İttihat ve Terakki Cemiyeti’nin önde gelen üyeleri, bu ideali gerçekleştirmek ve İmparatorluğun kaderini değiştirmek üzere tarih sahnesine çıktılar. Genç (Jön) Türkler İhtilali’nin aktörleri Enver ve Talat Paşaların öncelikli hedefleri, İmparatorluğa hürriyet getirmek ve 33 yıllık İstibdat idaresine son vermekti.

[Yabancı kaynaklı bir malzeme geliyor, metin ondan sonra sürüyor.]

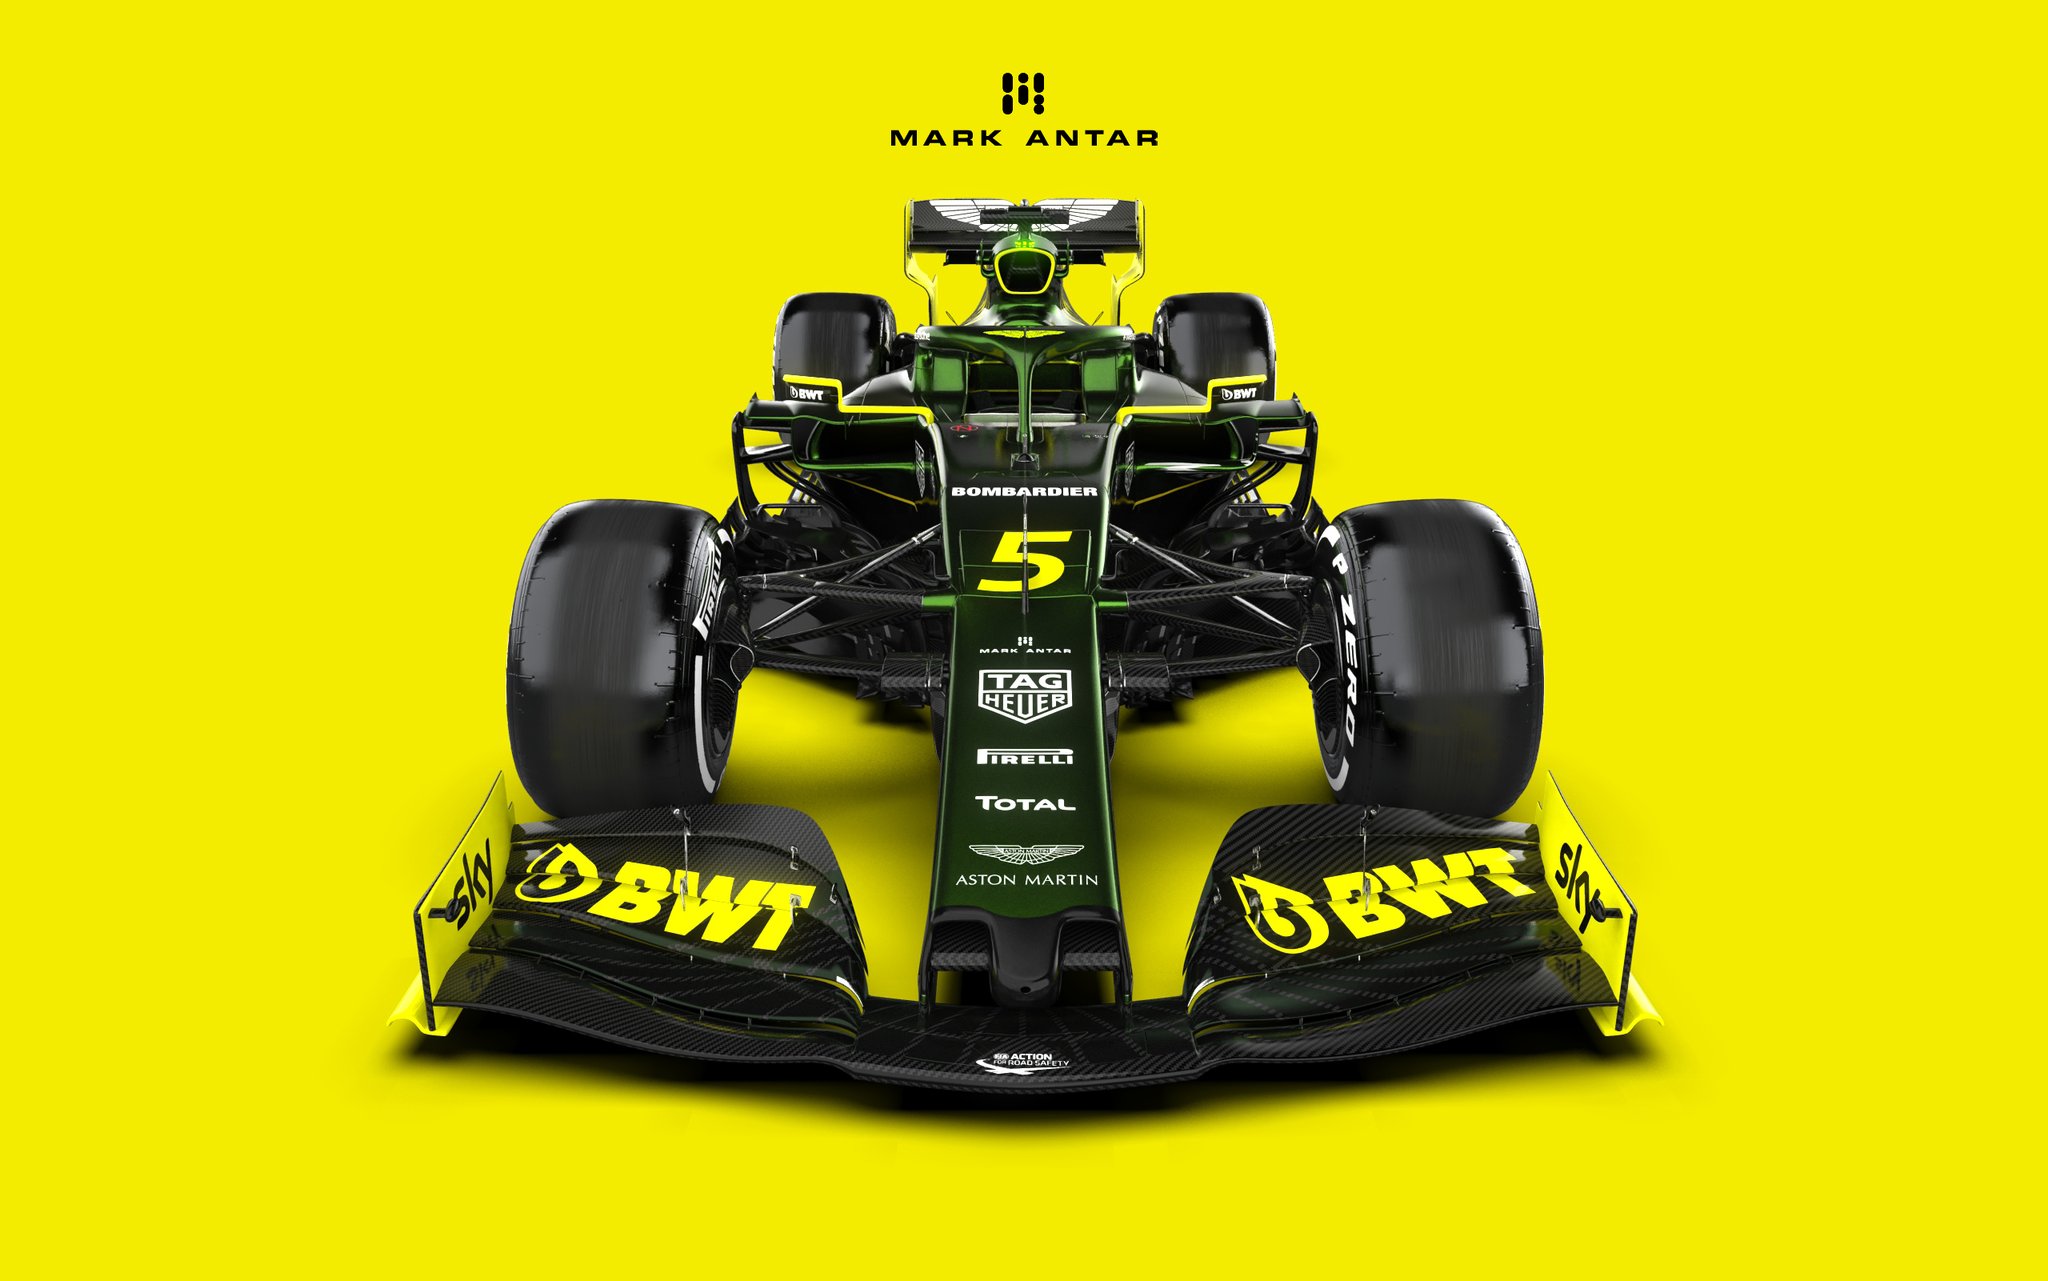 Mark Antar Design on Twitter: "Another 2021 Aston Martin livery concep...

Makedonya’daki subayların destekledikleri ayaklanmaları bastıramayacağını anlayan Padişah II. Abdülhamit, 24 Temmuz'da baskılara daha fazla dayanamayıp Kanun-ı Esasî'nin yeniden yürürlüğe konmasına karar verdi ve resmî ilan ertesi sabah gazetelerde yayımlandı. Böylece İkinci Meşrutiyet ilan edilmişti.

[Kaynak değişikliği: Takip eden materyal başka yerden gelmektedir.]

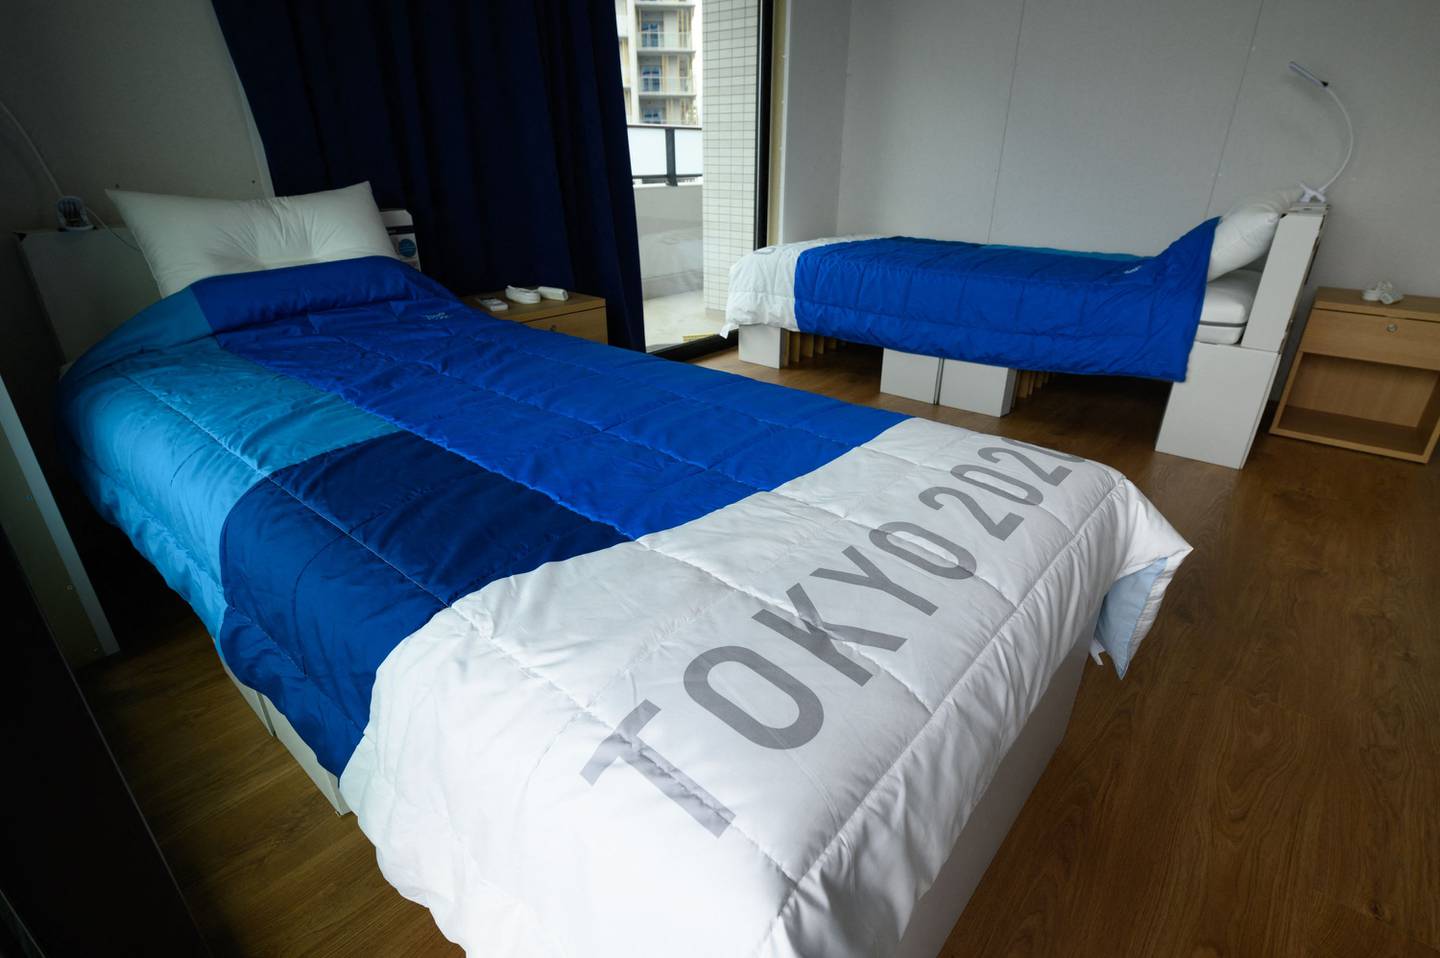 Recyclable cardboard beds and mattresses for athletes at the Olympic and Paralympic Village for the Tokyo 2020 Games. AFP

24 Temmuz tarihi, Türk basınında sansürün kaldırılmasının yıl dönümü olarak bilinmekte ve “Gazeteciler ve Basın Bayramı” olarak kutlanmaktadır.

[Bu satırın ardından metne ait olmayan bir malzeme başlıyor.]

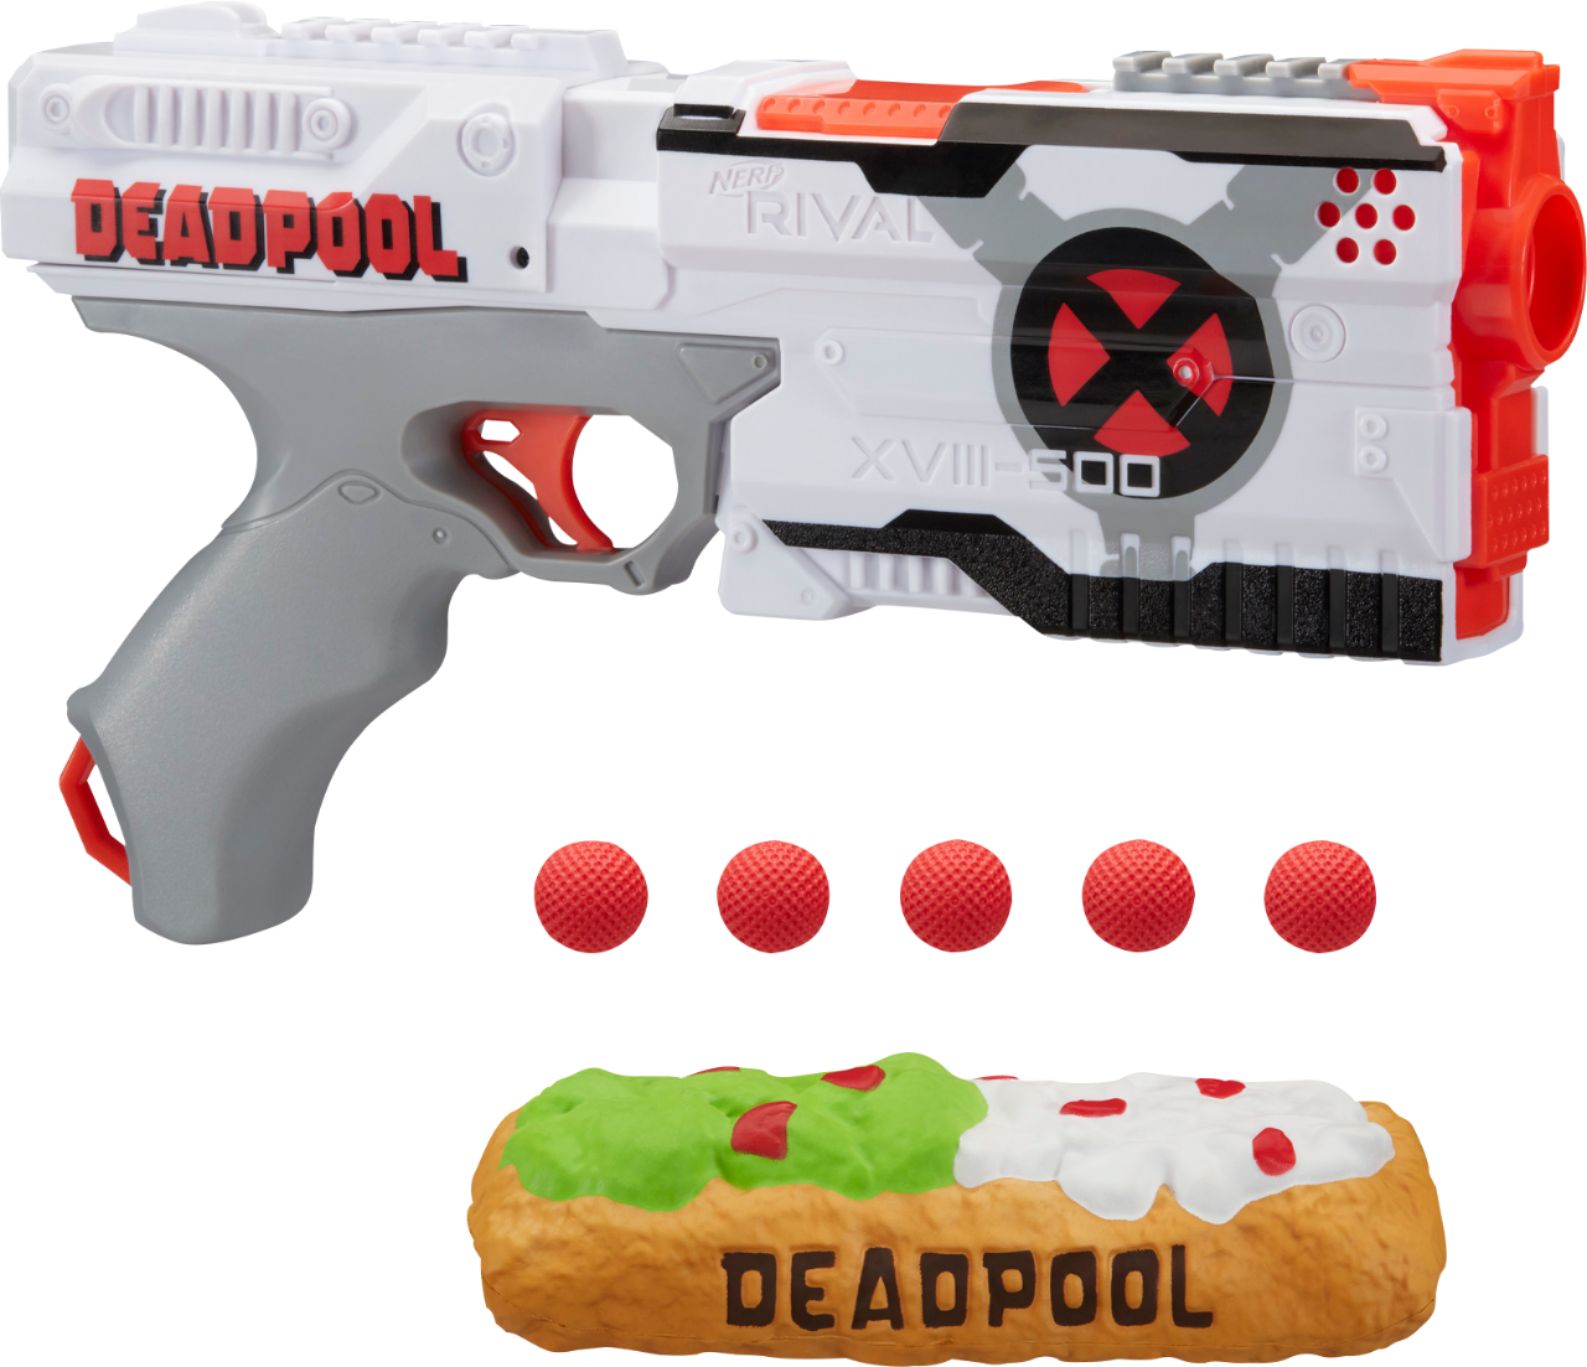 Details about   Nerf Rival Deadpool Kronos XVIII-500 Dual Pack by Hasbro

Osmanlı İmparatorluğu zamanında çıkan tüm gazeteler, sansür memurları diye adlandırılan memurların kontrol ve denetimleri yapıldıktan sonra yayınlanıyordu. Aslında sansürün ilk uygulandığı tarih, 10 Mayıs 1876’dır. Daha sonra İkinci Meşrutiyet yürürlüğe girdikten sonra yani 24 Temmuz 1908 tarihinde bu uygulamaya son verilmiştir.
10 Haziran 1946 yılında kurulan Türkiye Gazeteciler Cemiyeti, bir basın günü oluşturmayı planlayarak, Türkiye’de ilk gazetenin çıkış tarihine göre, “Basın Bayramı” ilan etmeye karar vermişti. Kararın ardından ilk gazete konusunda çeşitli görüşler bulunması nedeniyle bu konuda farklı öneriler gündeme gelmişti. Daha sonra Falih Rıfkı Atay tarafından, Basın Bayramı’nın her yıl 24 Temmuz tarihinde kutlanması fikrini ortaya atılmış ve bu bayramın 24 Temmuz’da kutlanması kabul edilmiştir. 24 Temmuz 1908 tarihinde Türk Basınında sansürün kaldırılması nedeniyle, her yıl 24 Temmuz günü, ‘Gazeteciler ve Basın Bayramı’ olarak kutlanmaktadır.
“24 Temmuz Gazeteciler ve Basın Bayramı”, genelde Türkiye Gazeteciler Cemiyeti önderliğinde İstanbul’un basın merkezi olarak bilinen Bab-ı Ali’de kutlanmakta ise de, artık bu bayram diğer il ve ilçelerde de ayrı ayrı kutlanmaktadır.
Tarafsız ve özgür bir Türk basınının varlığı ile demokrasinin gelişmesinde önemli bir rol oynayan “24 Temmuz Gazeteciler ve Basın Bayramını”nı tüm basın çalışanları adına kutluyoruz.